Loving Deeply

“Being deeply loved by someone gives you strength, while loving someone deeply gives you courage.” -Lao Tzu 

 

Today my sweet boyfriend Taylor flew back to North Carolina after an amazing week in Haiti. Last Thursday he ventured to our little Caribbean island for his first experience of life in a country very different from his own. We spent the week fumbling through speaking Creole, secretly stealing kisses on the cheek, and laughing constantly. We ventured from the beach up to the mountain of Fort Jacque. We held malnourished babies and played with the very healthy children that I take care of. We ate Haitian food and squeezed onto one moto together. We loved those around us without borders or limits, and it was the sweetest week.

Taylor and I met when we were at the ripe age of 16. I was a sassy girl looking for trouble and he had a heart of gold. Our time together then was short lived. Little did I know he would become the one six years later to make my heart beat a little faster. We spent our years during college a part at different schools but we always kept in touch. When we graduated from college our paths found their way back to each other in the simplest and most beautiful way.

Taylor has always had a way of loving me through my brokenness. I have a history of believing the lies of the enemy, that I’m not good enough but too much at the same time. Taylor has always crushed those lies instantly. I never thought that I was deserving of someone to love me in such a relentless way. However, in an earthly picture of my Father’s love for me, Taylor loves me without question.

What drew me to Haiti for the first time was the simple yet rich life I experienced here. In the same way, I was drawn to Taylor by the depth of his heart and intelligence as well as the simple way he lived and loved. As I decided that moving to Haiti would no longer be a dream, but instead a reality my boyfriend was not thrilled. I’m not sure who would be thrilled to have their girlfriend move away for a year. As the days slipped away and my suitcases became packed, ready to go, fear settled deep in my chest. I assumed Taylor would say that I should stay home but instead he said, “this is your dream. You are strong and you CAN do this.” The first night I called him crying I was expecting an, “I told you so,” but instead I was met with comforting words and encouragement.

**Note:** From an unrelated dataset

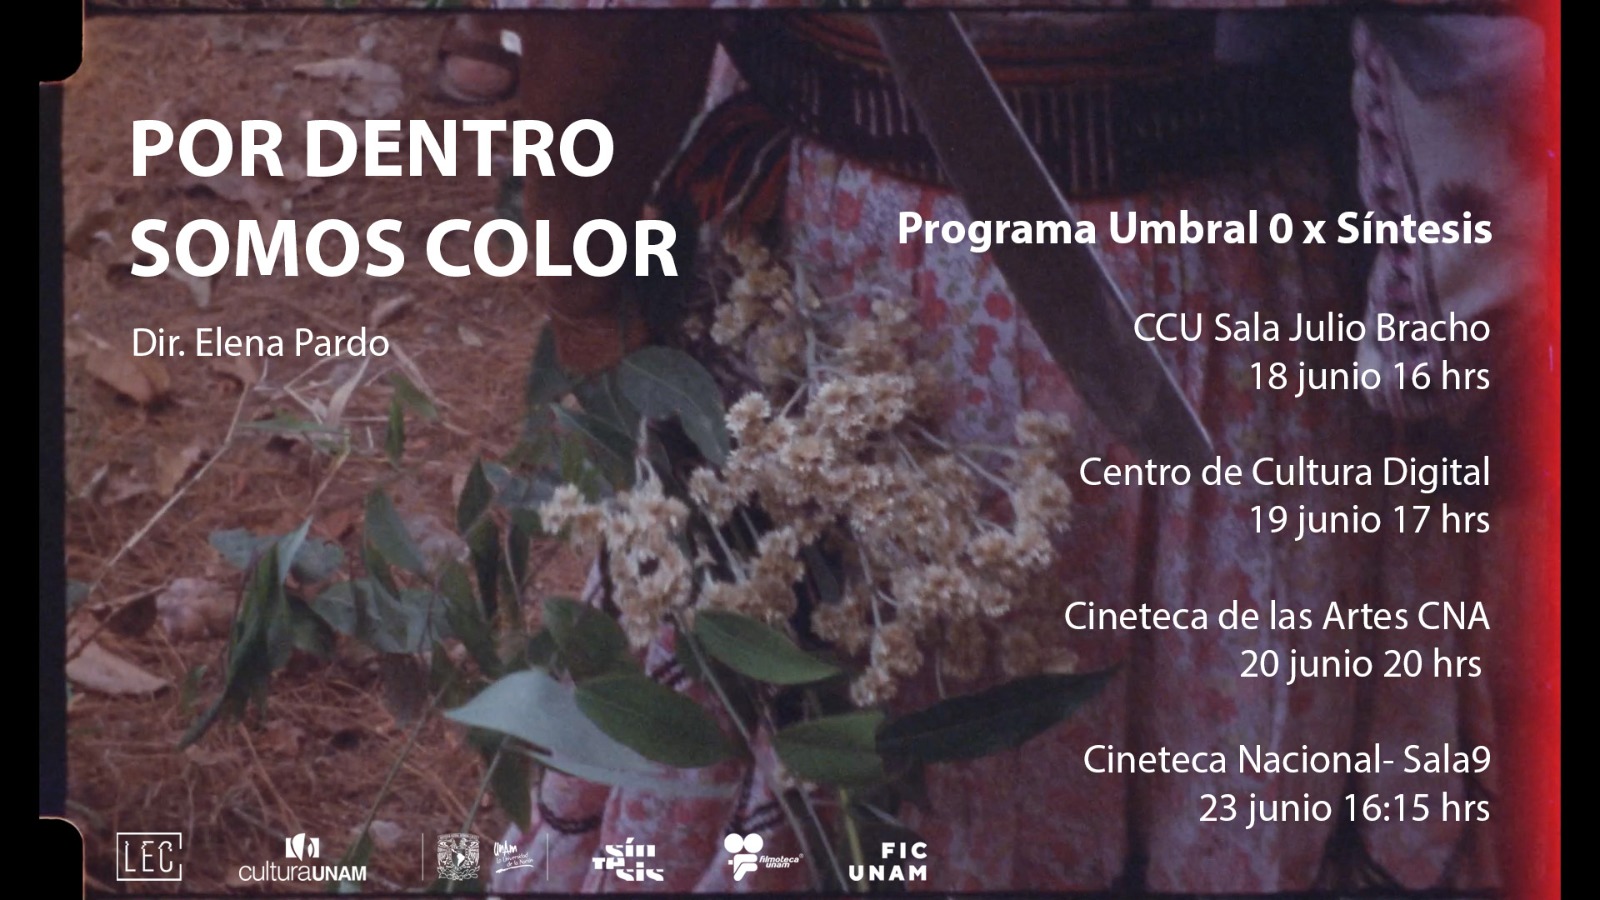 El cortometraje “Por dentro somos color” de Elena Pardo se proyectará en FICUNAM 14

Being loved and loving someone in return gives us strength and courage. Love takes strength and it also takes courage. Courage to risk pain or to experience immense joy. Strength to be patient, kind, and vulnerable. Knowing love from the Father and through relationships we are enabled to bloom like the flowers we were destined to be, and through this we know that God is love.

God changes hearts. All of those years ago when I thought Taylor wasn’t the one for me Jesus was preparing my heart to love and be loved by someone who is so good for me it’s almost too good to be true. When fear settles in my heart and cripples me from living fearlessly, God is quickly on his way to change my heart. In the same way, this past week I have seen how God changed Taylor’s heart from being unsure of Haiti to embracing the people and place that I love with open arms.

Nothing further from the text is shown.